Reproduce the heatmap from inferCNV#
This document demonstrates to reproduce how the example heatmap from the original R inverCNV implementation. It is based on a small, 183-cell example dataset of malignant and non-malignant cells from Oligodendroglioma derived from Tirosh et al. (2016).
import infercnvpy as cnv
import scanpy as sc
import warnings
warnings.simplefilter("ignore")
Prepare and inspect dataset#
The example dataset is available in the datasets
module. It is already TPM-normalized, but not log-transformed.

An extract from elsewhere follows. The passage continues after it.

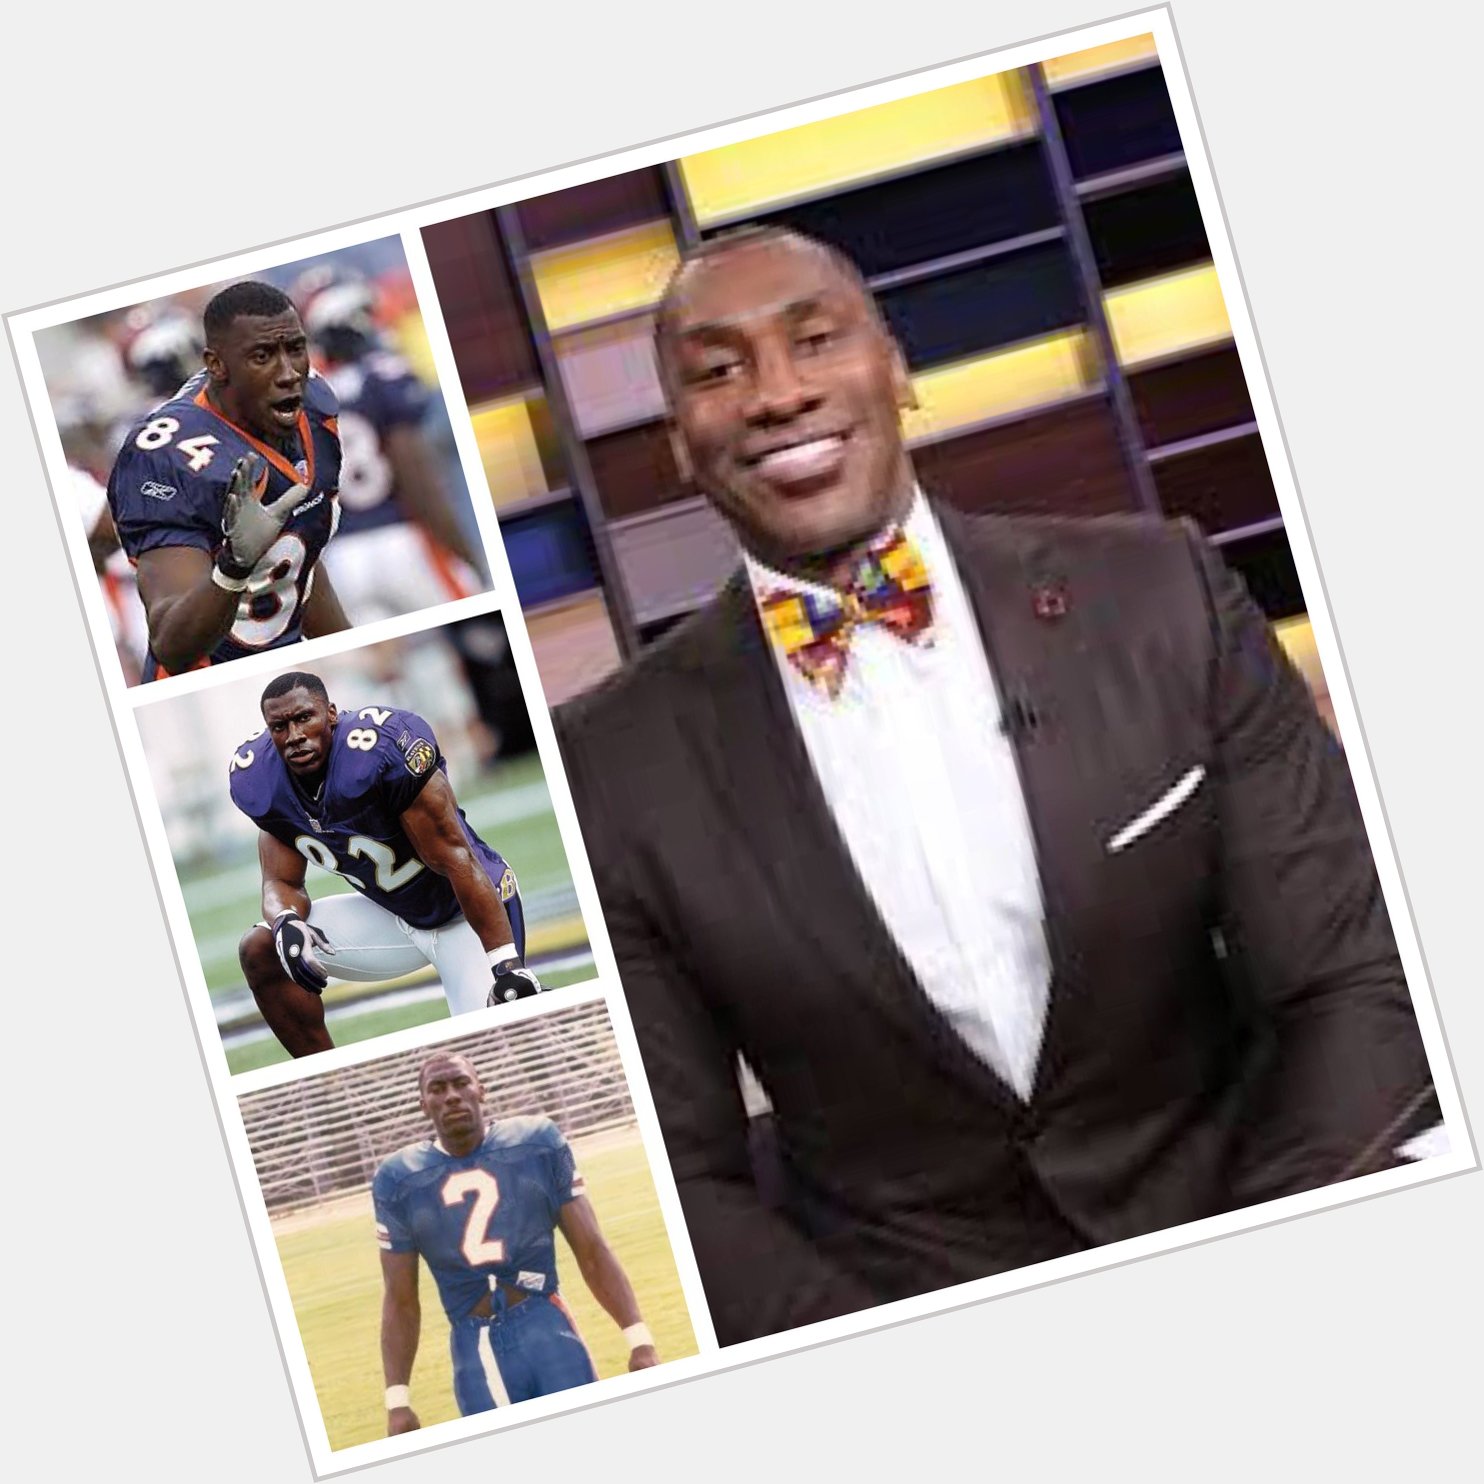 Happy BDay to the TE GOAT Big Play Shannon Sharpe on Yack & Mild

adata = cnv.datasets.oligodendroglioma()
sc.pp.log1p(adata)
It also already has the genomic positions annotated inadata.var
:
adata.var.head()
chromosome | start | end | n_counts | n_cells | |
---|---|---|---|---|---|
gene_symbol | |||||
WASH7P | chr1 | 14363 | 29806 | 534.271301 | 116 |
LINC00115 | chr1 | 761586 | 762902 | 203.649094 | 18 |
NOC2L | chr1 | 879584 | 894689 | 880.449707 | 63 |
SDF4 | chr1 | 1152288 | 1167411 | 1013.251404 | 70 |
UBE2J2 | chr1 | 1189289 | 1209265 | 411.488953 | 33 |
It contains four types of malignant cells, and two clusters of non-malignant cells.
sc.tl.pca(adata)
sc.pp.neighbors(adata)
sc.tl.umap(adata)
sc.pl.umap(adata, color="cell_type")
Run infercnvpy#
In this case we know which cells are non-malignant. For best results, it is recommended to use
the non-malignant cells as a background. We can provide this information using reference_key
and reference_cat
.
In order to reproduce the results as exactely as possible, we use a window_size
of 100 and a step
of 1.
%%time
cnv.tl.infercnv(
adata,
reference_key="cell_type",
reference_cat=["Oligodendrocytes (non-malignant)", "Microglia/Macrophage"],
window_size=100,
step=1,
)
CPU times: user 85 ms, sys: 169 ms, total: 254 ms
Wall time: 462 ms
%%time
cnv.pl.chromosome_heatmap(adata, groupby="cell_type", dendrogram=True)
WARNING: dendrogram data not found (using key=dendrogram_cell_type). Running `sc.tl.dendrogram` with default parameters. For fine tuning it is recommended to run `sc.tl.dendrogram` independently.
WARNING: You’re trying to run this on 9013 dimensions of `.X`, if you really want this, set `use_rep='X'`.
Falling back to preprocessing with `sc.pp.pca` and default params.
WARNING: Groups are not reordered because the `groupby` categories and the `var_group_labels` are different.
categories: Microglia/Macrophage, Oligodendrocytes (non-malignant), malignant_93, etc.
var_group_labels: chr1, chr2, chr3, etc.
CPU times: user 3.1 s, sys: 6.1 s, total: 9.2 s
Wall time: 1.52 s
Note that running the same analysis in R (invercnv v1.6.0
from Bioconductor) takes about 1:30 min.